Un capitolo a parte riguarda la vicenda Supereco (ditta attiva nell’igiene urbana)–Catania: i flussi economici verso Ferraro (10mila euro mensili, secondo l’accusa) e i contatti che, per l’ufficio requirente, dimostrerebbero la capacità di interlocuzione mafiosa interprovinciale. Il
gip ha qualificato quelle condotte come millanterie funzionali a spillare denaro agli imprenditori; i pm replicano che i riscontri investigativi e le misure scattate in parallelo a Catania confermano il peso reale di quei rapporti. Il punto giuridico è netto: per la Dda non si è davanti a un’associazione ‘semplice’ nata per turbare gare, ma alla stabile ripresa del ruolo di Ferraro dentro la struttura mafiosa, con regole, protezioni, ripartizioni e servizi offerti agli imprenditori ‘amici’. La lettura alternativa del gip – che separa il ‘prima’ (fino al 2010) dal ‘dopo’ – è ritenuta atomistica e non rispettosa della logica dei gravi indizi: l’appello chiede quindi di riformare l’ordinanza e applicare a Ferraro una misura cautelare custodiale per mafia, ristabilendo anche il perimetro delle aggravanti di agevolazione mafiosa.

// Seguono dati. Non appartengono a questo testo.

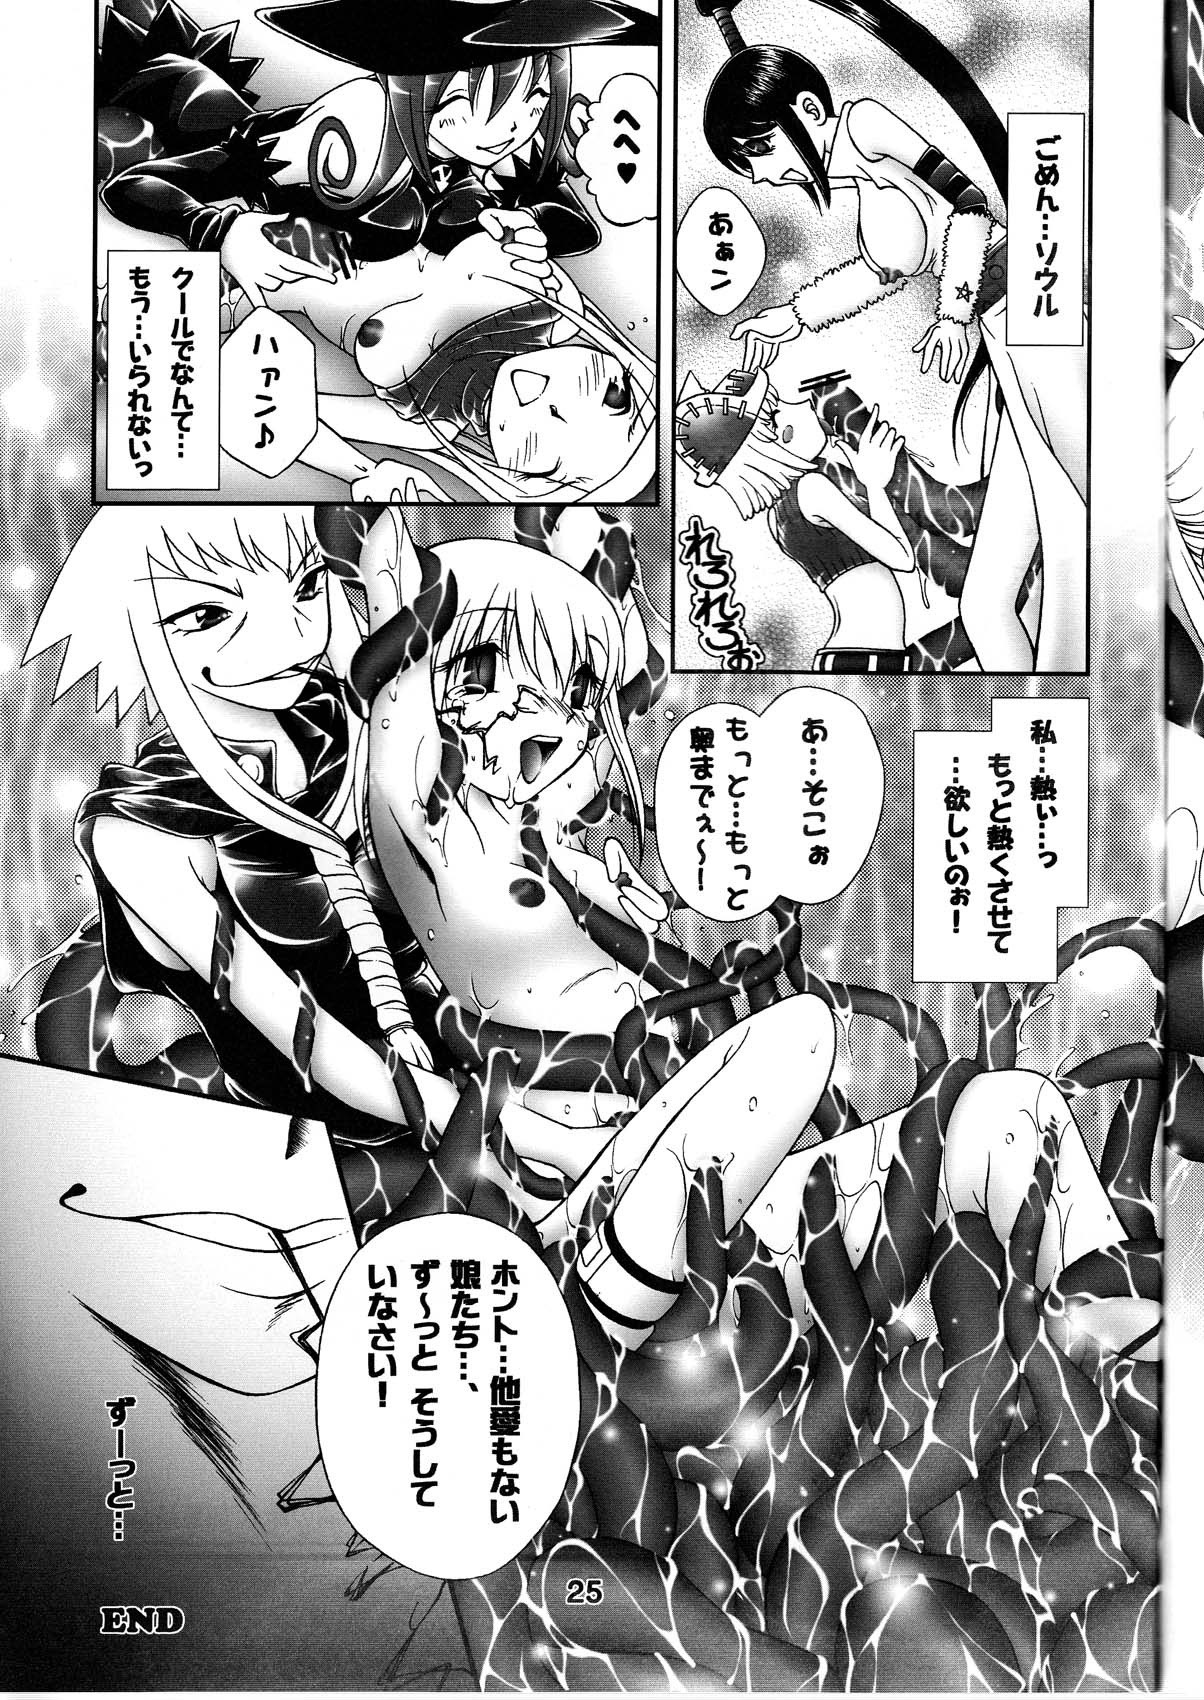 Shibusen Girl Hunting hentai manga picture 25

In sintesi, l’accusa vuole che il tribunale del Riesame ricomponga il mosaico: intercettazioni, flussi di denaro, mediazioni in ambito estorsivo, canali sugli appalti di rifiuti e sanificazioni, dichiarazioni dei collaboratori. Un fascio di elementi che, nel disegno della Dda, sorregge l’attualità della partecipazione mafiosa e giustifica la cautela più incisiva. Ora la parola passa ai giudici. L’inchiesta che ha interessato Ferraro – oggi in carcere per corruzione e turbativa d’asta senza aggravante mafiosa – lo scorso 9 settembre (quando è stata eseguita dai carabinieri l’ordinanza) aveva fatto scattare altre 16 misure cautelari (tutte senza contestazione di mafia), alcune delle quali però annullate dal Riesame, come quella per Giuseppe Rea, che era finito in cella per istigazione alla corruzione, riciclaggio e turbativa d’asta, e per Giuseppe Guida, che era ai domiciliari per corruzione. Tutti i soggetti coinvolti nell’indagine sono da ritenere innocenti fino a un’eventuale sentenza di condanna irrevocabile.